ICD-10 Logo
ICDxICD-10 Medical Coding
ICD-10 Logo
ICDxICD-10 Medical Coding
ICD 10 CodesDiagnoses
ICD 10 CodesDiagnoses
ICD-10 Logo
ICDxICD-10 Medical Coding

Comprehensive ICD-10-CM code reference with AI-powered search capabilities.

© 2025 ICD Code Compass. All rights reserved.

Browse

  • All Chapters
  • All Categories
  • Diagnoses

Tools

  • AI Code Search
ICD-10-CM codes are maintained by the CDC and CMS. This tool is for reference purposes only.
v1.0.0
ICD-10 Guide
ICD-10 CodesR93.812

R93.812

Abnormal radiologic findings on diagnostic imaging of left testicle

BILLABLE STATUSYes
IMPLEMENTATION DATEOctober 1, 2015
LAST UPDATED09/11/2025

Code Description

ICD-10 R93.812 is a billable code used to indicate a diagnosis of abnormal radiologic findings on diagnostic imaging of left testicle.

Key Diagnostic Point:

R93.812 is used to classify abnormal findings observed in diagnostic imaging studies of the left testicle, such as ultrasound or CT scans. These findings may include masses, cysts, calcifications, or other anomalies that do not have a specific diagnosis associated with them. The abnormal findings can indicate a variety of conditions, including testicular torsion, tumors (benign or malignant), infections, or trauma. It is crucial for healthcare providers to document the specific nature of the abnormality, as well as any associated symptoms such as pain, swelling, or changes in urinary habits. The clinical context surrounding these findings, including patient history and physical examination results, plays a significant role in guiding further diagnostic evaluation and management. Accurate coding of R93.812 requires thorough documentation to ensure that the findings are appropriately linked to the patient's clinical picture.

Code Complexity Analysis

Complexity Rating: Medium

Medium Complexity

Complexity Factors

  • Variability in imaging findings interpretation
  • Need for correlation with clinical symptoms
  • Potential for overlapping diagnoses
  • Documentation requirements for specificity

Audit Risk Factors

  • Inadequate documentation of imaging findings
  • Failure to link findings to clinical symptoms
  • Misinterpretation of imaging results
  • Coding without sufficient clinical correlation

Specialty Focus

Medical Specialties

Internal Medicine

Documentation Requirements

Detailed patient history, physical examination findings, and imaging results must be documented.

Common Clinical Scenarios

Patients presenting with unexplained testicular pain or swelling, requiring imaging for evaluation.

Billing Considerations

Consideration of differential diagnoses such as epididymitis or testicular cancer is essential.

Emergency Medicine

Documentation Requirements

Acute care documentation must include the reason for imaging, findings, and any immediate interventions.

Common Clinical Scenarios

Acute scrotal pain or trauma cases where imaging is performed to rule out torsion or other emergencies.

Billing Considerations

Rapid assessment and documentation are critical in emergency settings to ensure timely management.

Coding Guidelines

Inclusion Criteria

Use R93.812 When
  • Follow the official ICD
  • CM coding guidelines, ensuring that the code is used only when there are abnormal findings on imaging without a definitive diagnosis
  • Documentation must support the use of this code

Exclusion Criteria

Do NOT use R93.812 When
No specific exclusions found.

Related CPT Codes

76700CPT Code

Ultrasound, scrotum

Clinical Scenario

When an ultrasound is performed to evaluate abnormal findings in the left testicle.

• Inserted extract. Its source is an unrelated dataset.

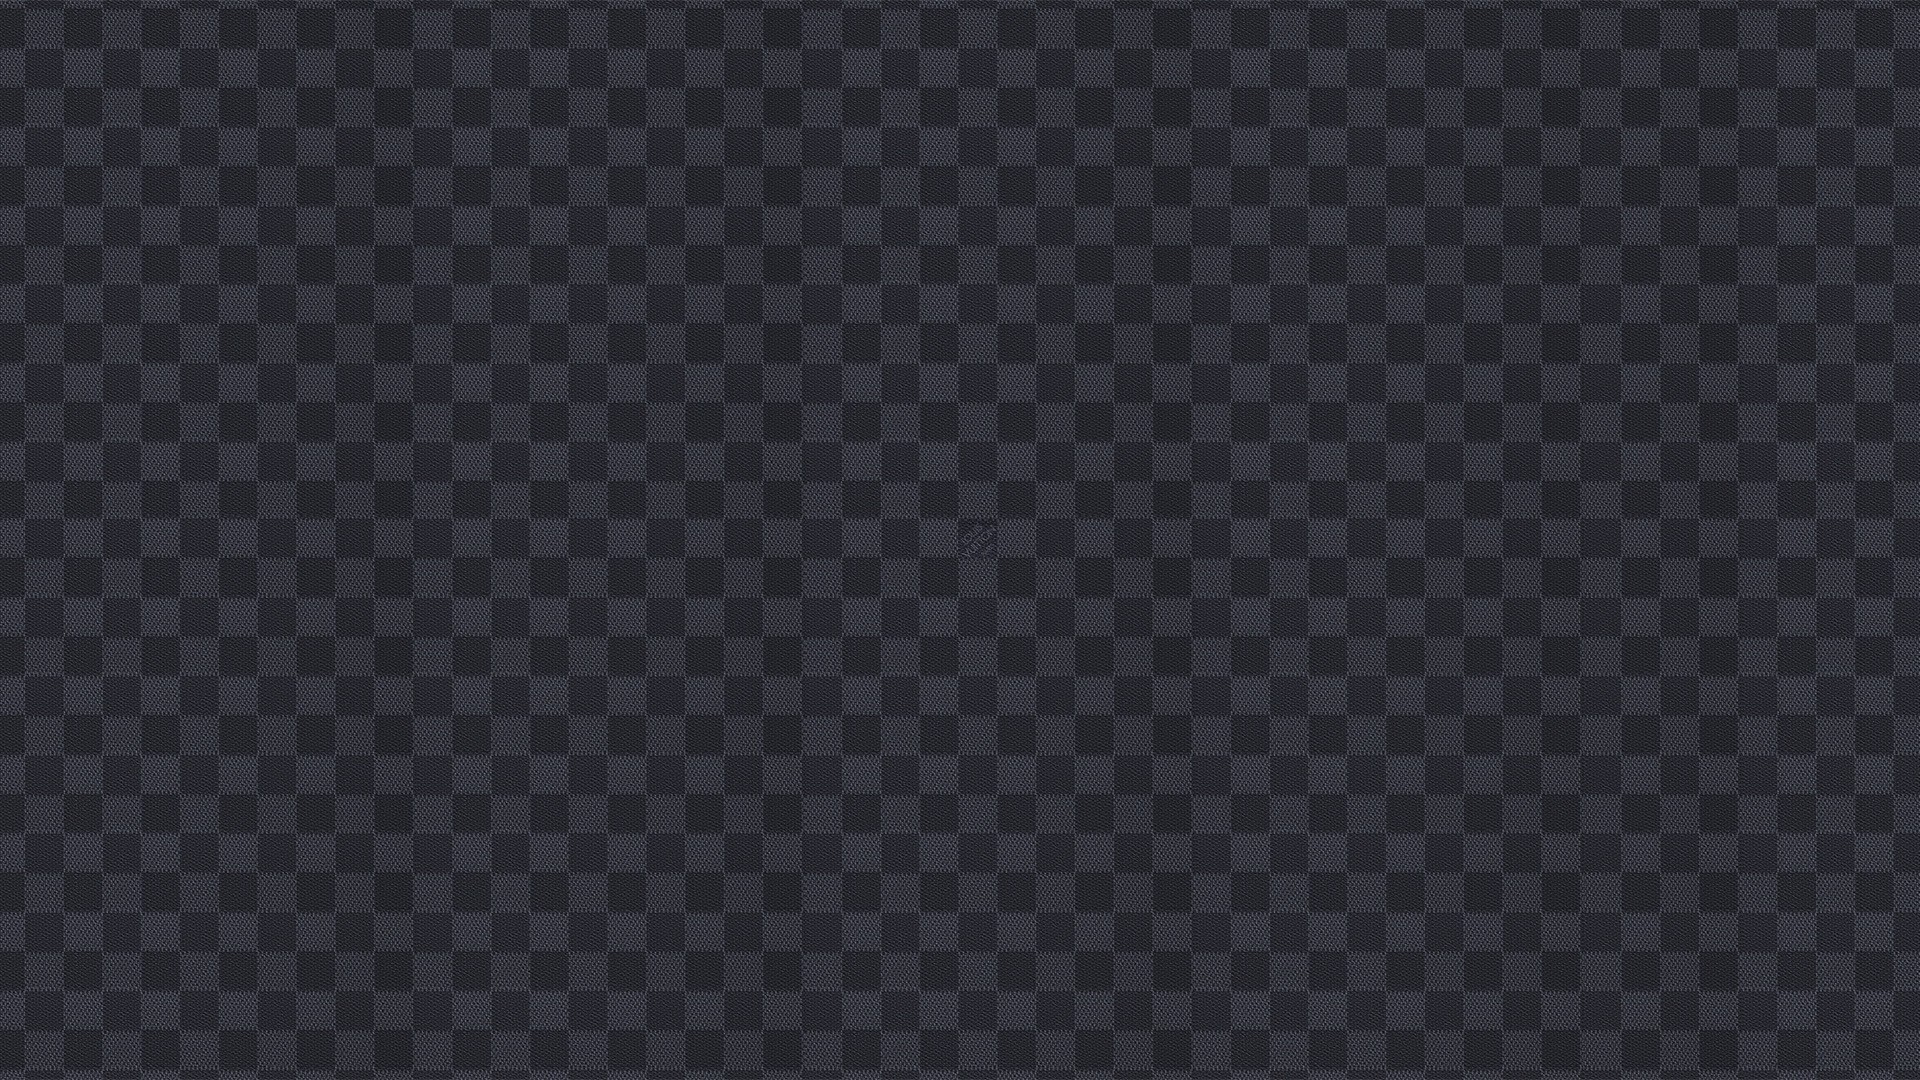 Louis Vuitton HD Wallpaper | Background Image | 1920x1080

Documentation Requirements

Document the reason for the ultrasound, findings, and any follow-up recommendations.

Specialty Considerations

Urologists may perform these ultrasounds more frequently in their practice.

ICD-10 Impact

Diagnostic & Documentation Impact

Enhanced Specificity

ICD-10 Improvements

The transition to ICD-10 has allowed for more specific coding of abnormal findings, improving the granularity of data collection and enhancing the ability to track and manage patient outcomes.

ICD-9 vs ICD-10

The transition to ICD-10 has allowed for more specific coding of abnormal findings, improving the granularity of data collection and enhancing the ability to track and manage patient outcomes.

Reimbursement & Billing Impact

The transition to ICD-10 has allowed for more specific coding of abnormal findings, improving the granularity of data collection and enhancing the ability to track and manage patient outcomes.

Resources

Clinical References

  • •
    ICD-10-CM Official Guidelines for Coding and Reporting

Coding & Billing References

  • •
    ICD-10-CM Official Guidelines for Coding and Reporting

Frequently Asked Questions

What should be documented to support the use of R93.812?

Documentation should include the specific imaging findings, any associated symptoms, and the clinical context that led to the imaging study.